Comment 2: How did the studies by Cheng et al., Peng et al., and Kopetz et al. differ in their methodologies and findings regarding the relationship between gut microbiome composition and response to immunotherapy in colorectal cancer patients (except the clinical trials)?

Answer:

We appreciate the request for further clarification. These details are outlined in the results section “Predictive taxonomic profiles of CRC patients in response to ICIs” on pages 15-21. To summarize:

Kopetz et al. observed shifts in the gut microbiome of CRC patients with dMMR and high MSI-H treated with ICIs, identifying lower abundances of Rothia and Rothia mucilaginosa in partial responders compared to those with progressive disease. This study served as part of the broader CheckMate 142 clinical trial series.

Pi et al. investigated the presence of different bacterial co-abundant gene groups between responders and non-responders to CRC ICIs. Responders with six months of progression-free survival demonstrated a high abundance of Akkermansia muciniphila. Conversely, non-responders were found to harbor different bacterial CAGs, including several Firmicutes and Bacteroides families.

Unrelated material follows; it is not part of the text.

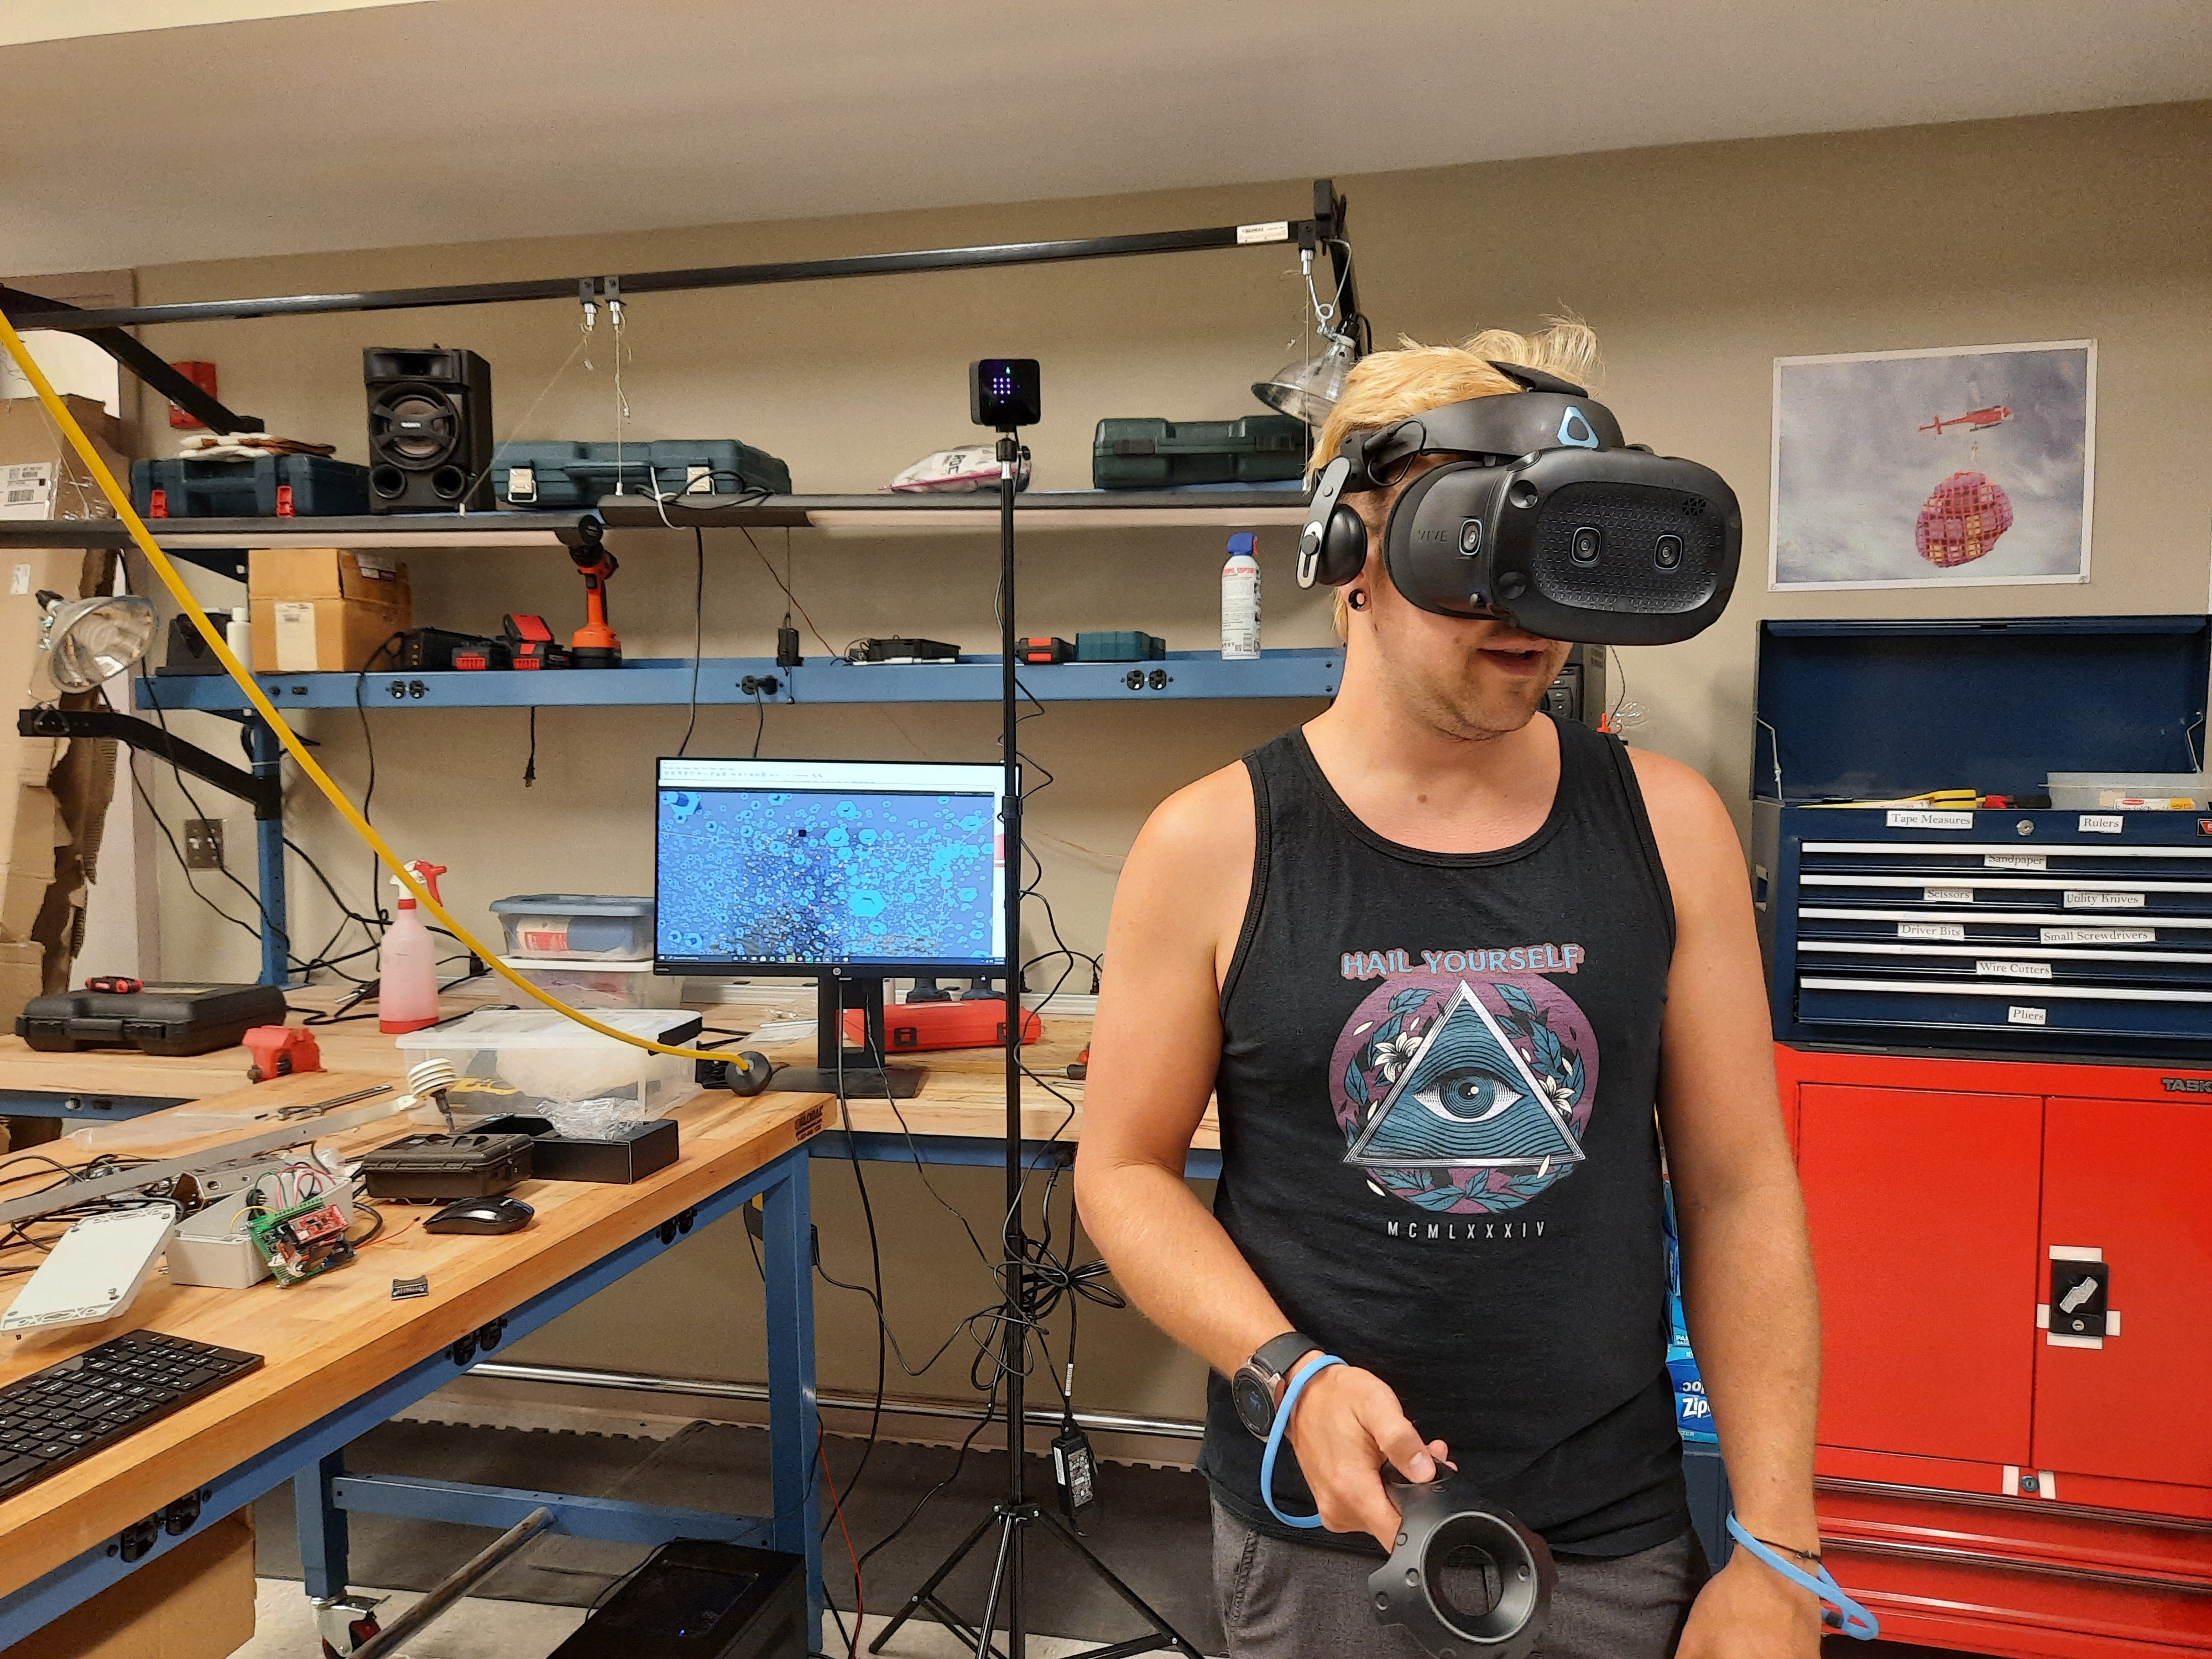 Student using VR
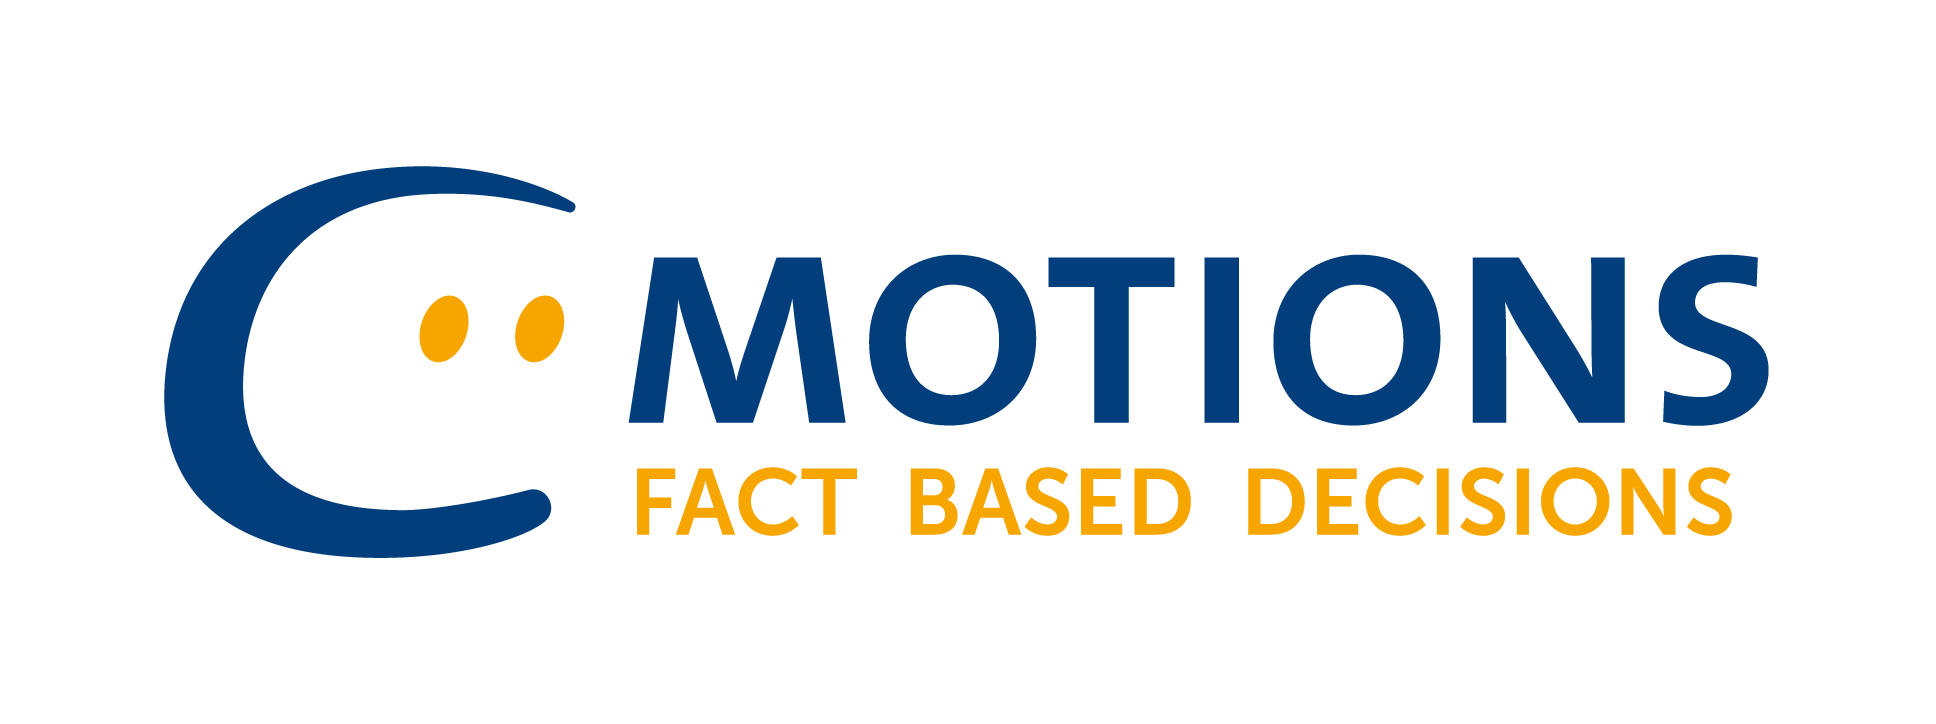 Cmotions logo

Peng et al. implemented 16S rRNA gene sequencing in advanced-stage gastrointestinal cancer patients to identify differential abundant operational taxonomic units between responders and non-responders to ICIs. They found an abundance of Prevotellaceae, potentially predictive of disease stabilization, and active machine learning techniques identified Firmicutes taxa as top predictors for therapy response. Their research also confirmed a consistent correlation between Prevotella and Bacteroides.

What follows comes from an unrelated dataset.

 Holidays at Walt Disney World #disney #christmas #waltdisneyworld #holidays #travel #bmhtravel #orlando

Cheng et al. conducted a comprehensive study across various types of advanced cancers. They noted distinct differences in gut microbial biodiversity between responders and non-responders before and after ICI therapy, recording an abundance of certain microbes like Archaea and Lentisphaerae in responders. In their network analysis, they determined the interrelationships among bacterial phyla within the gut microbiota of advanced cancer patients.

These studies, while utilizing similar sequencing techniques, differed in patient populations, sequencing analysis, prediction methods, and the types of ICIs employed; thus, providing a multifaceted picture of how gut microbiota composition might influence immunotherapy’s effectiveness in CRC.

We hope this synthesis of methodologies and findings provides a more comprehensive understanding of the intricate relationship between the gut microbiome and immunotherapy outcomes.

Comment 3: What were the primary outcomes regarding the predictive taxonomic profiles of colorectal cancer patients in response to immune checkpoint inhibitors (ICIs) based on the included studies?

Answer:

We appreciate your attention to the details of our manuscript. This question is closely related to the previous question that focused on how the studies by Cheng et al., Peng et al., and Kopetz et al. differ in their methodologies and findings.

To reiterate and address the current question, the primary outcomes highlighted in these studies all demonstrated that there are specific taxonomic profiles of microbiota that may predict the effectiveness of ICIs in colorectal cancer patients. The key findings across the included studies are as following:

• Kopetz et al. found that certain taxa, such as Rothia and Rothia mucilaginosa, were less abundant in CRC patients who showed partial responses to ICIs. These differences in abundance may serve as indicators of patient responses to ICIs.

• Pi et al. and Peng et al. both noted a higher abundance of Akkermansia muciniphila in responders, implying a potential predictive role for this bacterium. Peng et al. also found Prevotellaceae to be more abundant in responders than in non-responders.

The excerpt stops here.